Она уже давно не мыслила цитатами, как в молодости, но теперь вспомнилось из «Анны Карениной»: «Одно сновиденье почти каждую ночь посещало ее. Ей снилось, что оба вместе были ее мужья, что оба расточали ей свои ласки. Алексей Александрович плакал, целуя ее руки, и говорил: как хорошо теперь! И Алексей Вронский был тут же, и он был также ее муж. И она, удивляясь тому, что прежде ей казалось это невозможным, объясняла им, смеясь, что это гораздо проще и что они оба теперь довольны и счастливы».

Почему это невозможно в нашей культуре? Мусульманин может иметь двух жён, а она почему не может иметь двух мужей? Ведь где-то в мире, она читала, есть полиандрия – многомужие. В Непале, кажется. Или на Тибете. Или там и там. Два брата иногда женятся на одной женщине. Или даже не братья… Фу, какая чушь лезет в голову с недосыпа. Прасковья даже помотала головой, чтобы вытряхнуть из неё несанкционированные мысли.

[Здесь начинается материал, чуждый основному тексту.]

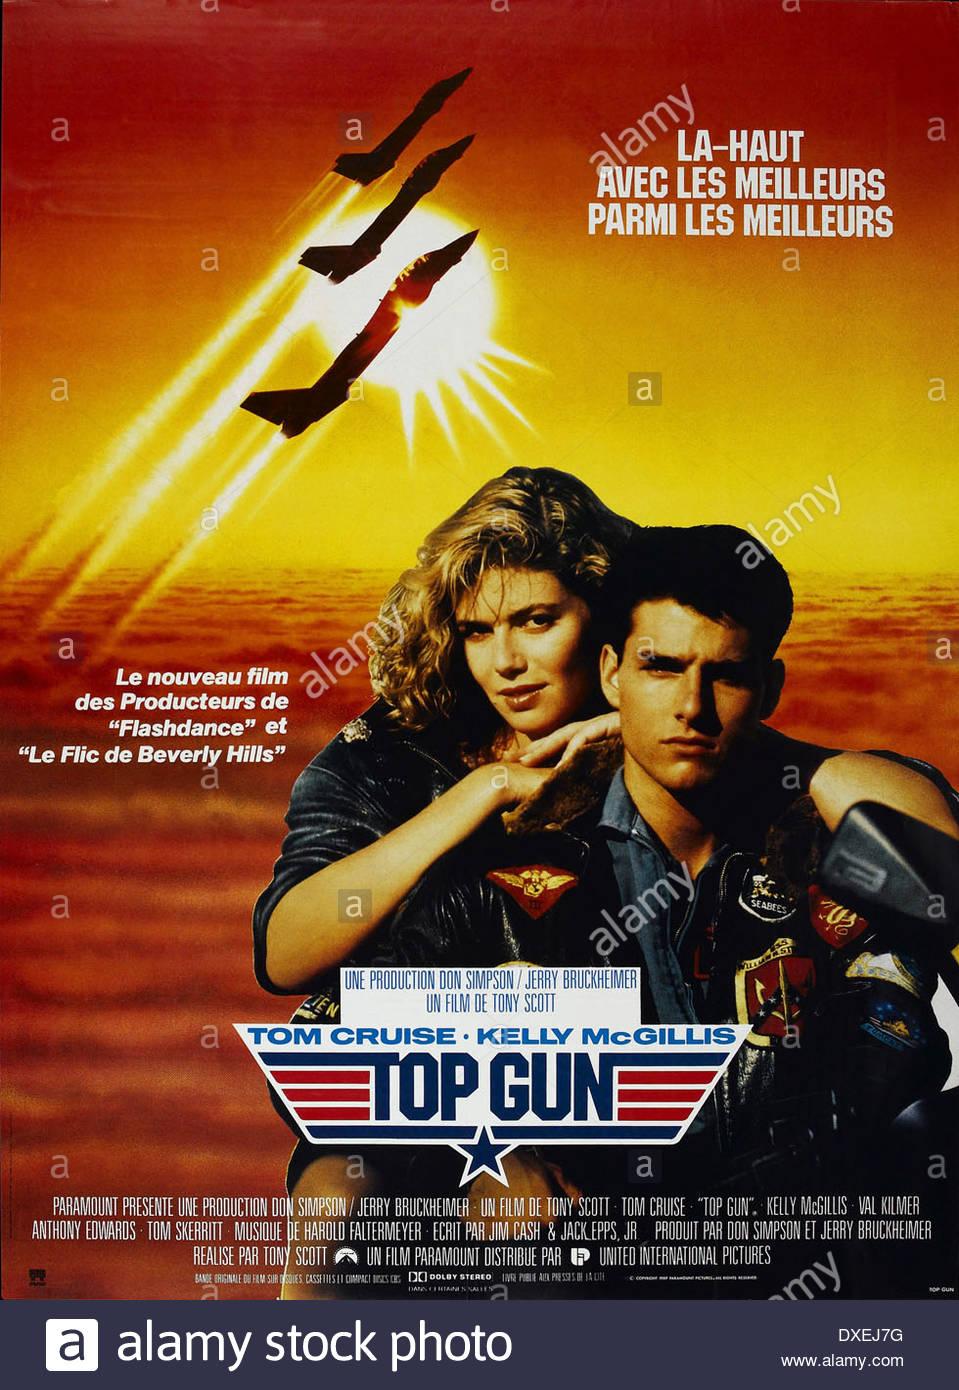 Top Gun  Year : 1986 USA Director : Tony Scott Kelly McGillis, Tom Cruise Movie poster (FR) - Stock Image

Машка сделала кофе себе и матери, разложила в мисочки неизменный творог с вареньем, который ели они на завтрак. Потребление молочной продукции теперь считается патриотическим делом – поддержкой активно развиваемой молочной отрасли. Прасковья молчала: была уверена, что заговорит Машка. И она заговорила.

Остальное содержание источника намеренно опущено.